▸ **Work order**:
An exact copy of all the lines below is required, with every image left out.

▸ **Given information**:

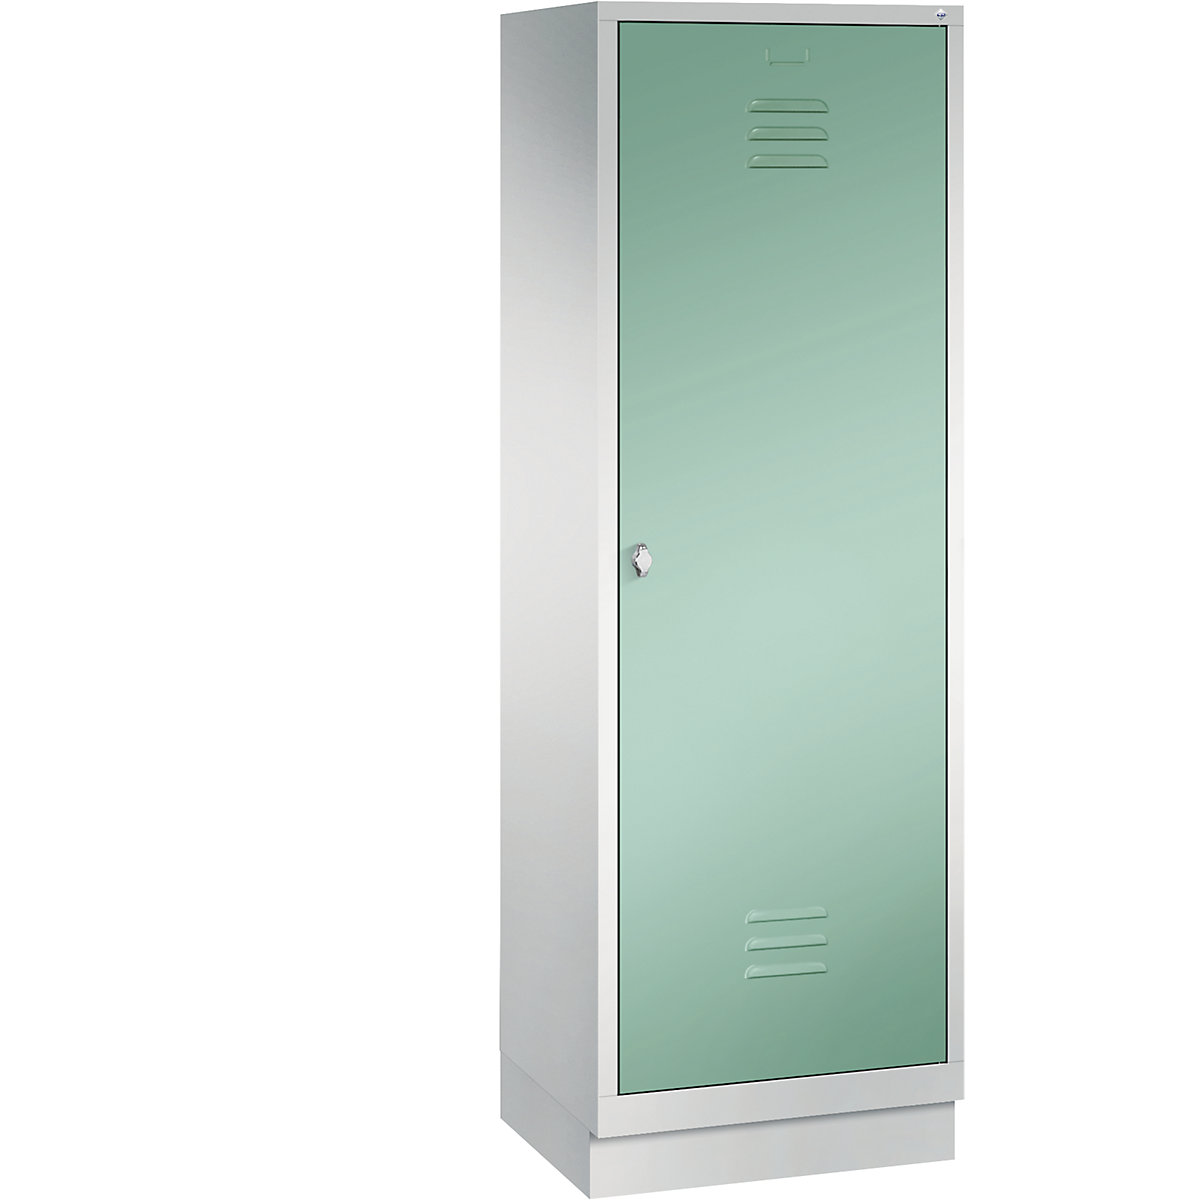 Šatní skříň se soklem CLASSIC s dveřmi přes 2 oddíly – C+P, 2 oddíly, šířka oddílu 300 mm, světlá šedá / světlá zelená
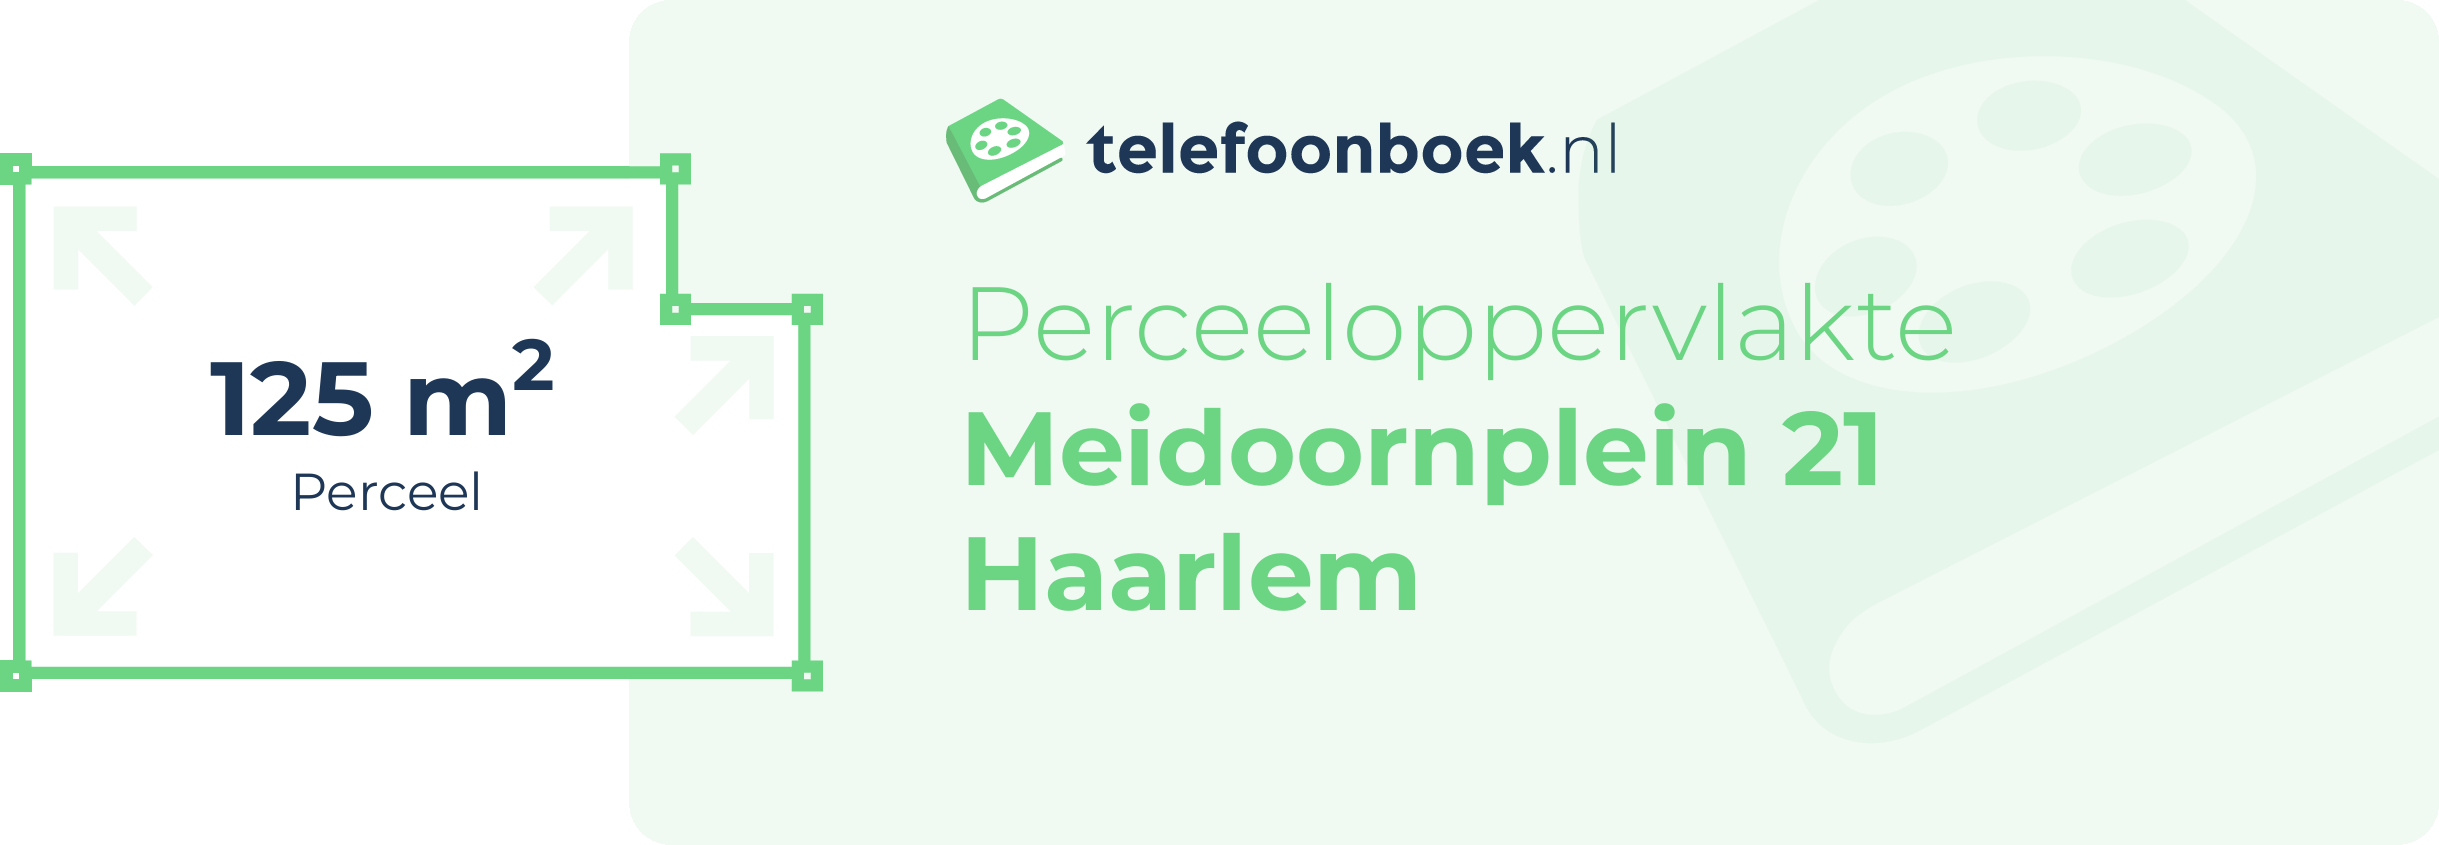 Perceeloppervlakte Meidoornplein 21 Haarlem
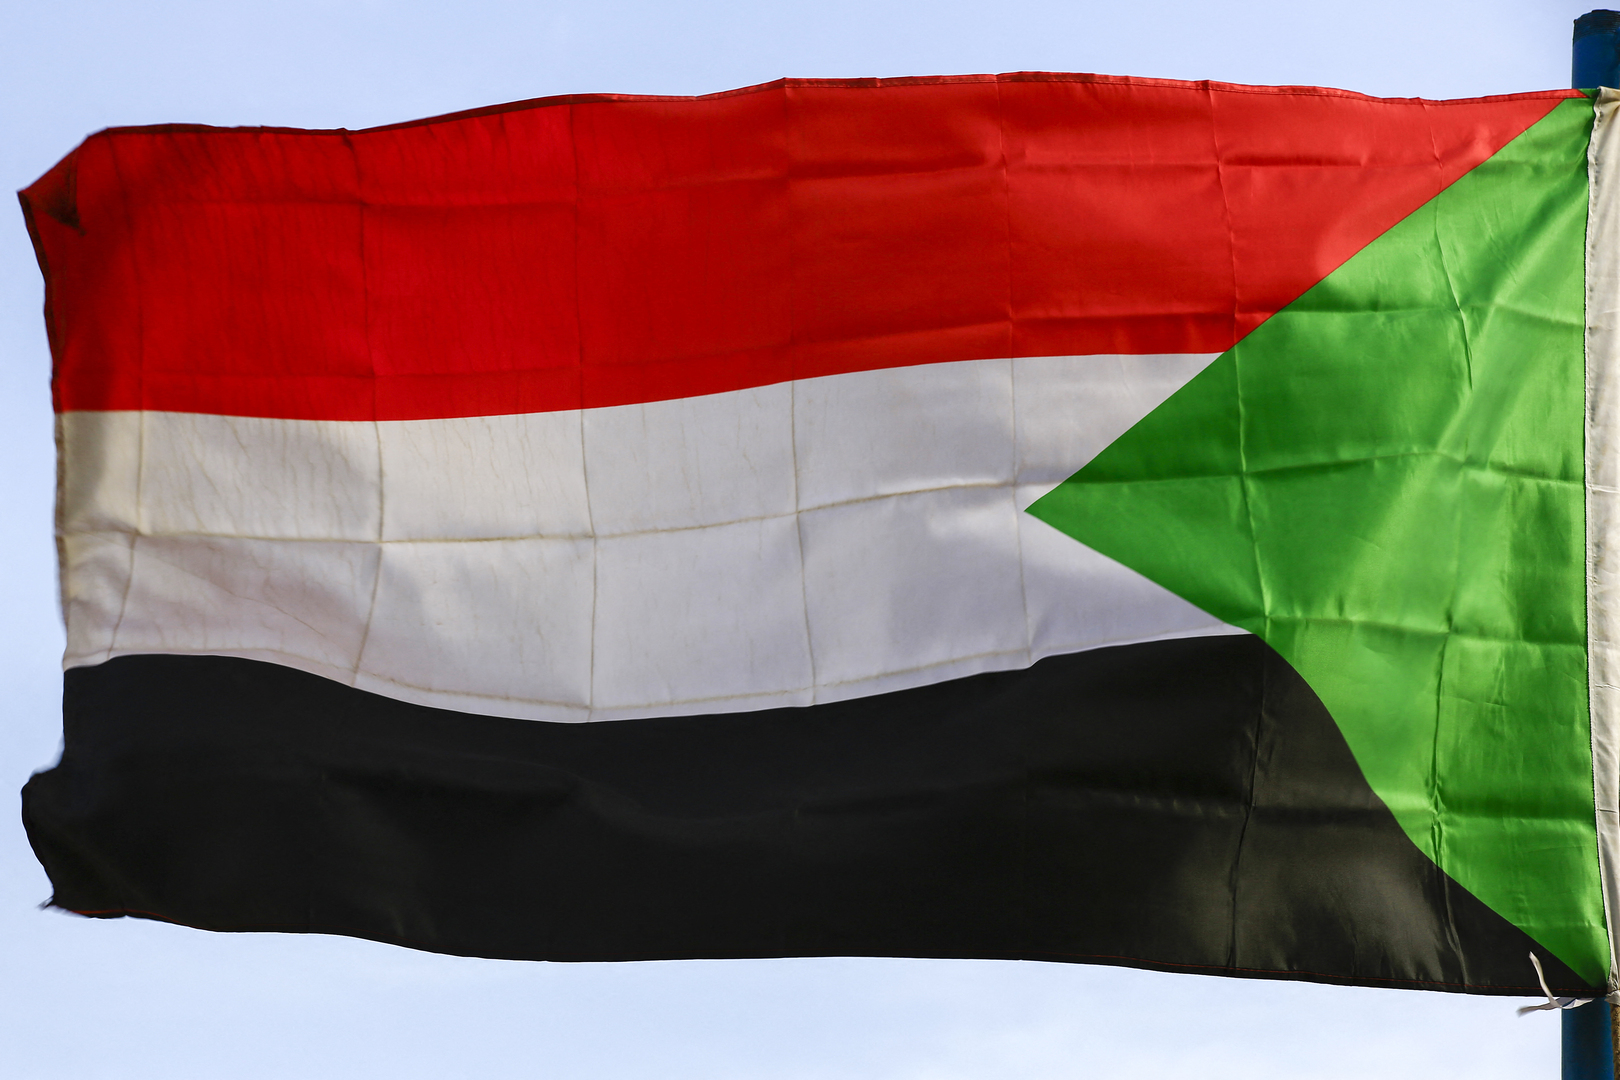 سفارة السودان لدى موسكو تفند أنباء عن طلب سوداني مقابل تنفيذ اتفاق عسكري مع روسيا

▸ **Response area**:
 Šatní skříň se soklem CLASSIC s dveřmi přes 2 oddíly – C+P, 2 oddíly, šířka oddílu 300 mm, světlá šedá / světlá zelená
 Perceeloppervlakte Meidoornplein 21 Haarlem
 سفارة السودان لدى موسكو تفند أنباء عن طلب سوداني مقابل تنفيذ اتفاق عسكري مع روسيا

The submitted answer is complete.